» **Exercise directions**: The data should be written out in full, exactly as it stands, and the pictures dropped.

» **Recorded information**:
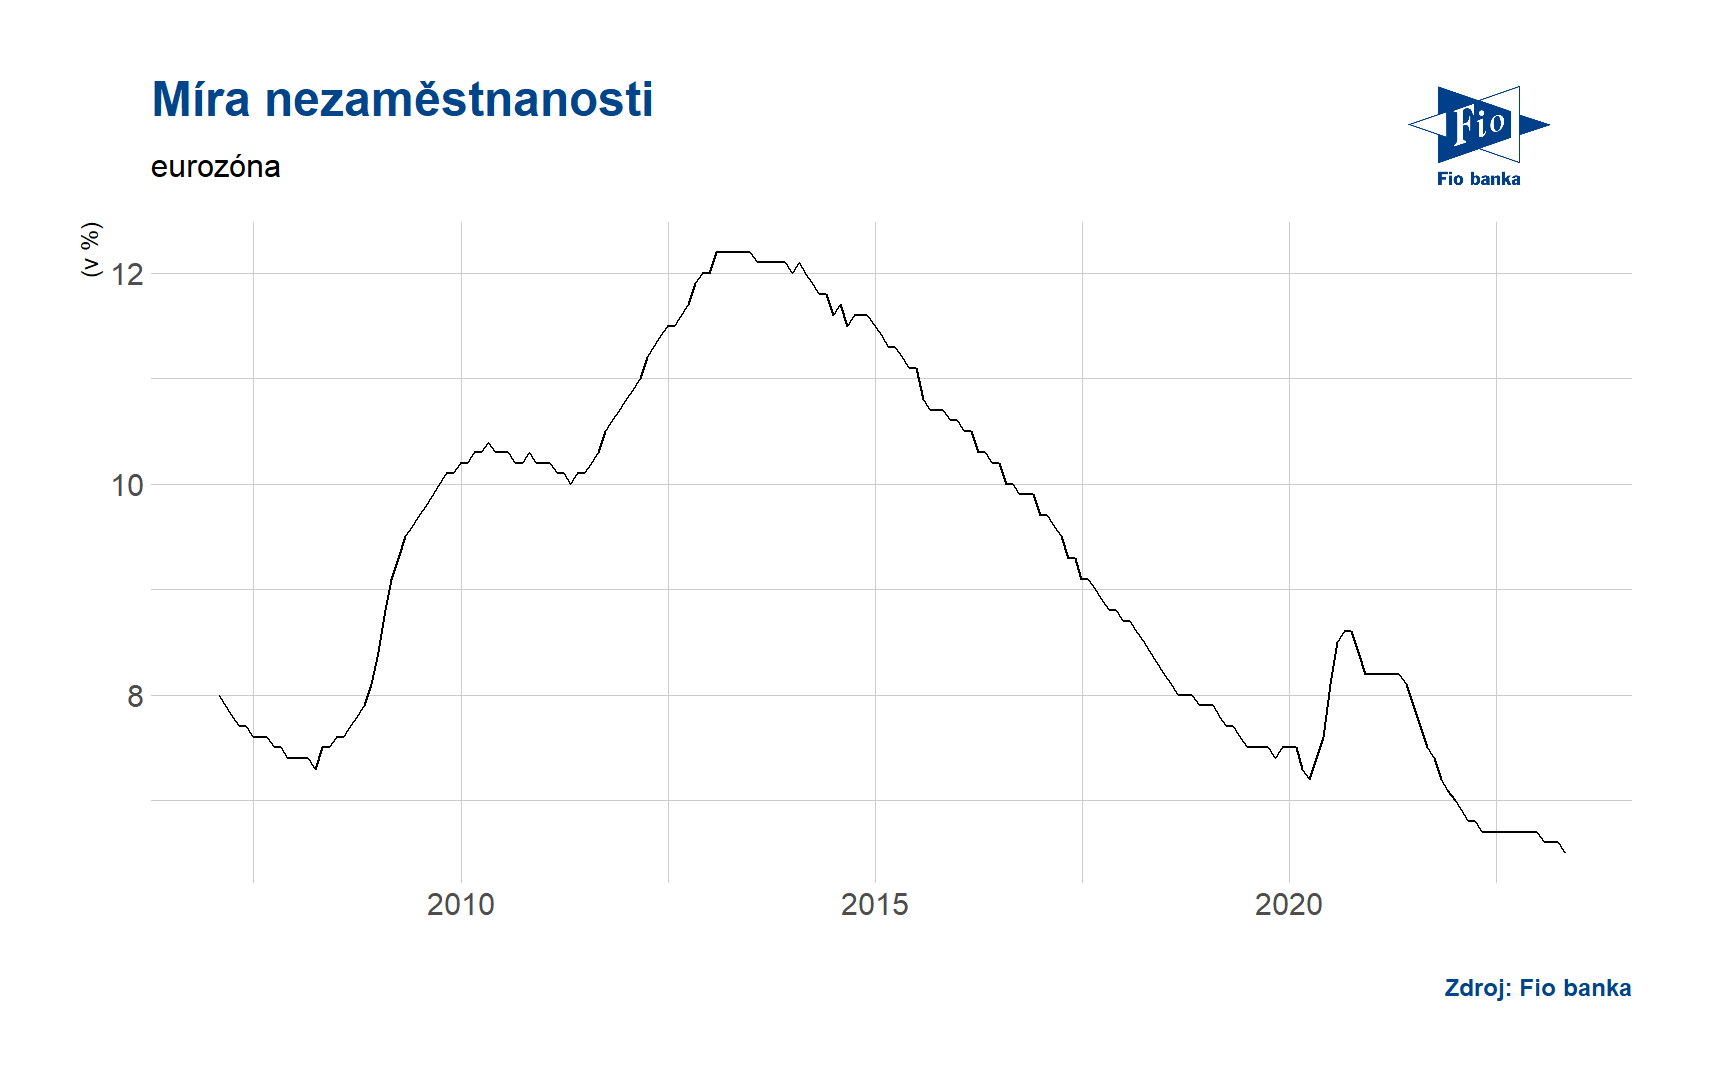 Míra nezaměstnanosti v eurozóně
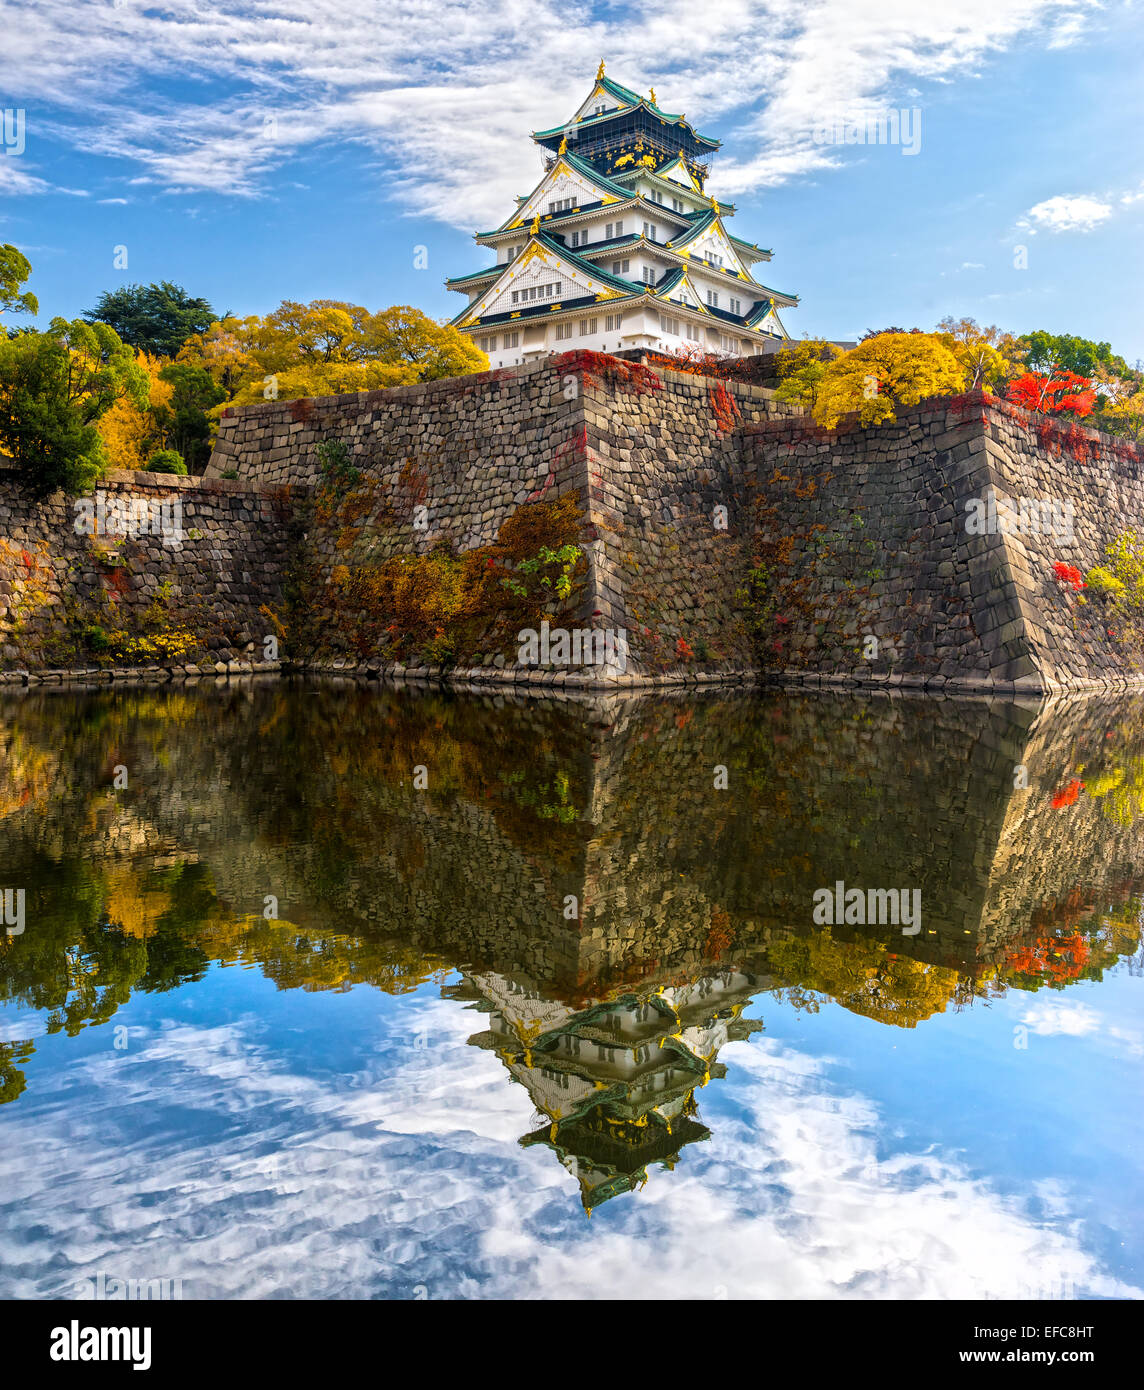 Osaka Castle in Osaka with autumn leaves. Japan. Stock Photo
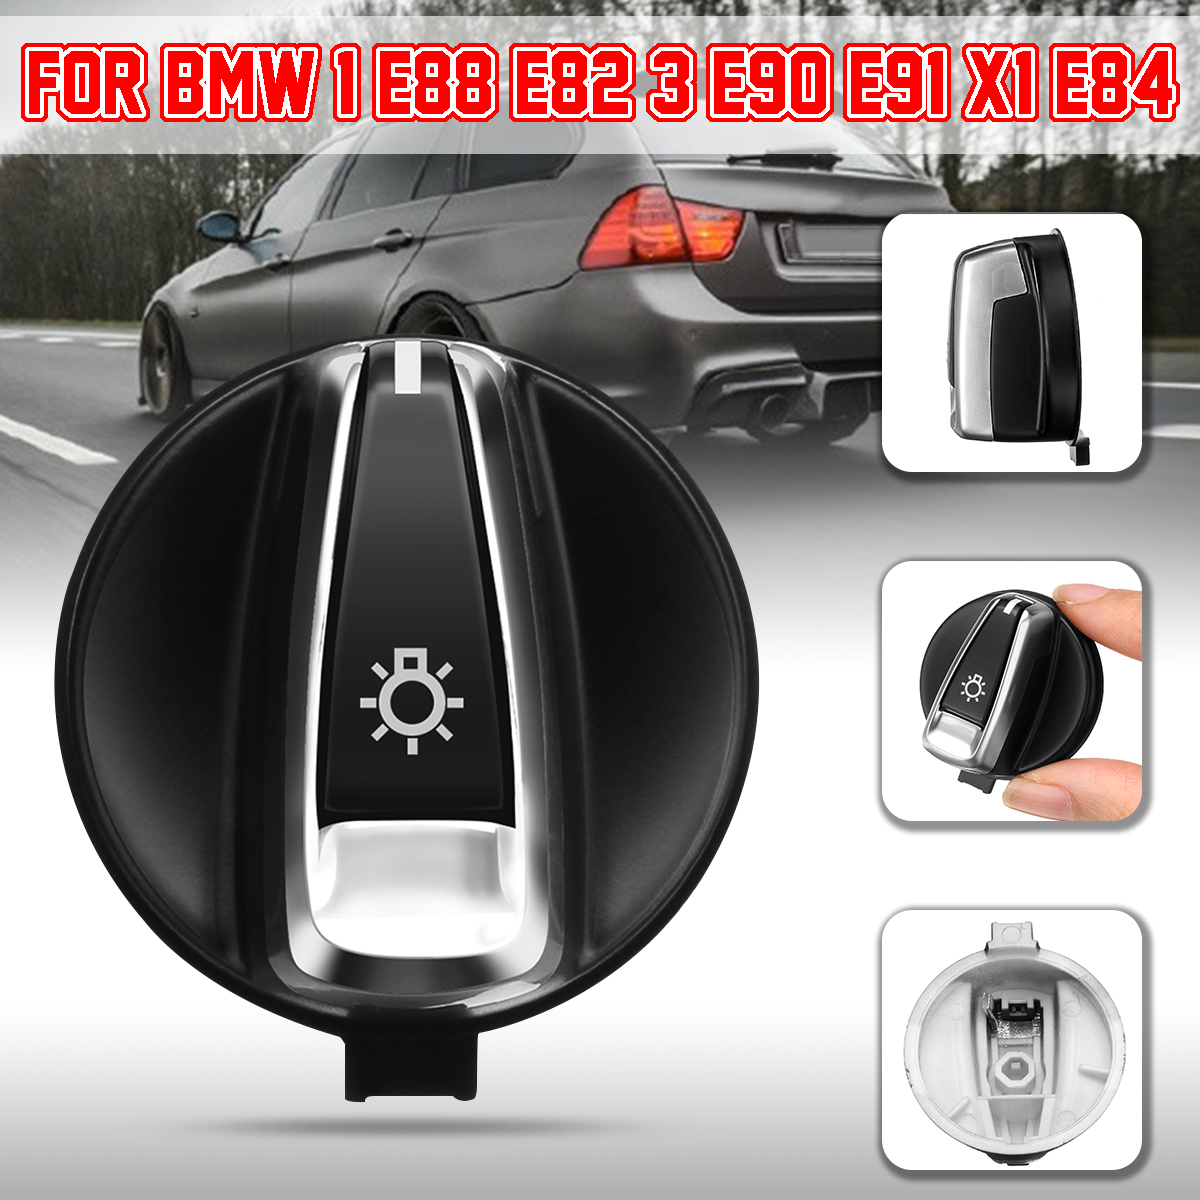 JIEIIFAFH Car Chrome Head Light Switch Knob Button for BMW 1 E88 E82 3 E90 E91 X1 E84 
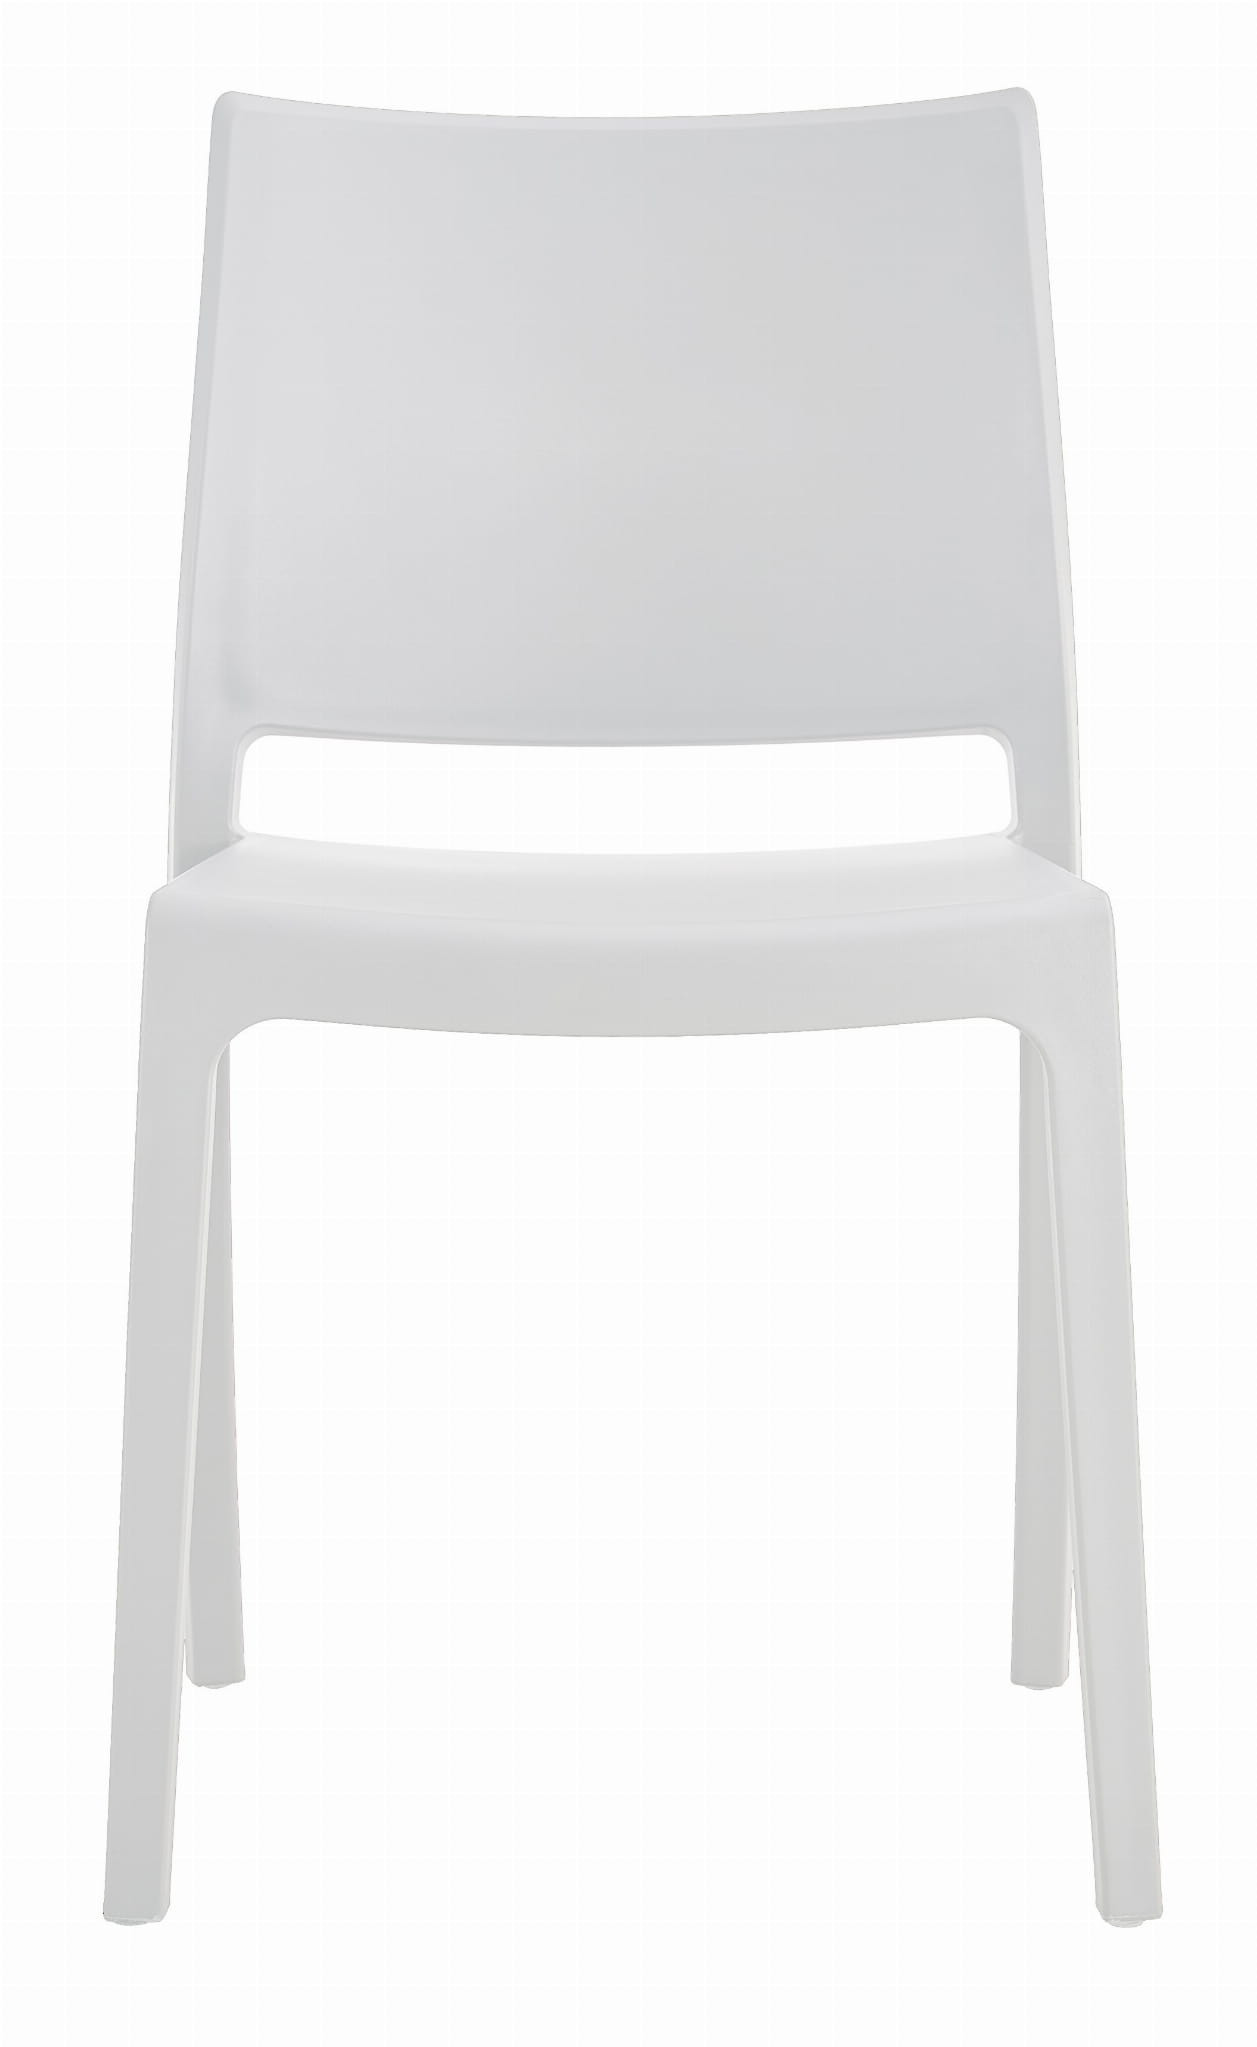 Set dvou židlí KLEM bílé (2ks)

» **Response to the exercise**:
 Míra nezaměstnanosti v eurozóně
 Osaka Castle in Osaka with autumn leaves. Japan. Stock Photo
 JIEIIFAFH Car Chrome Head Light Switch Knob Button for BMW 1 E88 E82 3 E90 E91 X1 E84 
 Set dvou židlí KLEM bílé (2ks)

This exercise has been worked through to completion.